Good question. I don't think the flame going into the tank is a problem for a number of reasons. The main reason is that the propane doesnt burn very well (or at all) without oxygen. You can turn the flow down to barely a trickle, and it still stays nicely in the torch. The regulator also provides a bit of separation, and maintains a high pressure / low pressure system, such that the flame is never "sucked" back up the line into the tank. Even if that were the case, it would require a significant amount of energy to rupture the tank and cause an explosion. Mythbusters did a pretty good demonstration of this - I don't remember what they where testing, but they essentially tossed a propane tank into a bonfire. Keep in mind that this is a much higher flow system than even an ordinary propane BBQ, which generally uses a less sophisticated regulator. Thanks for the comment, let me know if you have any additional questions.

The pressure shouldn't be a problem in copper but I think most solders melt between 400F and 500F, which would probably not be able to withstand the operating temperatures. You could also look into a purely mechanical stabilizer, such as a set screw going through the main portion of the torch to hold the gas tube. Something like JB Weld might work, but I imagine you would also run into operating temperature issues.

You are correct that a higher quality flame would be desirable, but since this will be used exclusively in the foundry, I am thinking the back pressure of inserting it into an enclosed area might have an effect on the flame.  I'm not concerned about getting the hottest heat at a single point, but the most amount of heat distributed throughout the entire volume.  Aluminum melts around ~1200-1500 F depending on the alloy, which this should reach fairly easily.  I also dont want  the heat source too concentrated on a single point, because my refractory cement is only rated to ~2500 F (so I dont want to heat a single point above that or it will start to melt).

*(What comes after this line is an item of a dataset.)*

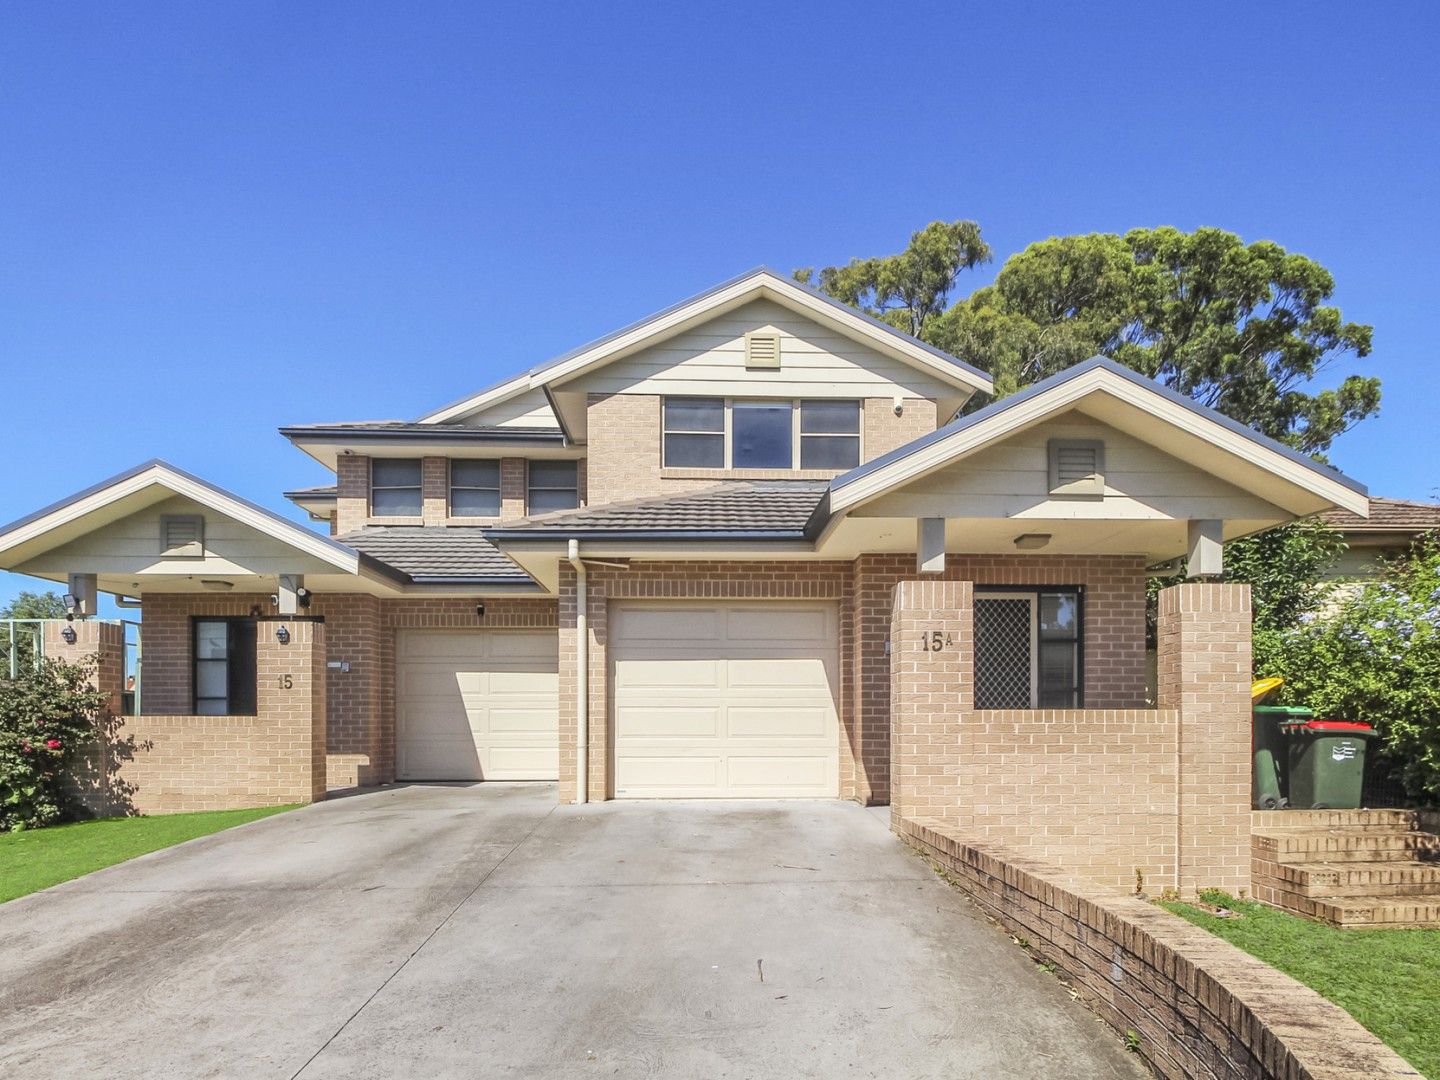 4 bedrooms Semi-Detached in 15A Mayfield Street WENTWORTHVILLE NSW, 2145

As long as all of the propane is burned before it exits the foundry, all of the potential energy of the fuel should be expended in heating it up (right, thermodynamic physics?  It's been a while).  You're right that welding it reduced my my ability to adjust the flame, but didnt completely eliminate it - the flame quality also depends on the length of the burner tube, the end point aerodynamics (affected by a flange, which I dont use), and internal aerodynamics and routing (I have none to speak of). 

Anyway, this response is a little longer than I intended it to be, but you asked for it!  :-)   The foundry is complete, but I have yet to fire it up since I'm letting the refractory cure.  That's the next Instructable, coming soon!  Thanks for the comment, and let me know if you have any more questions.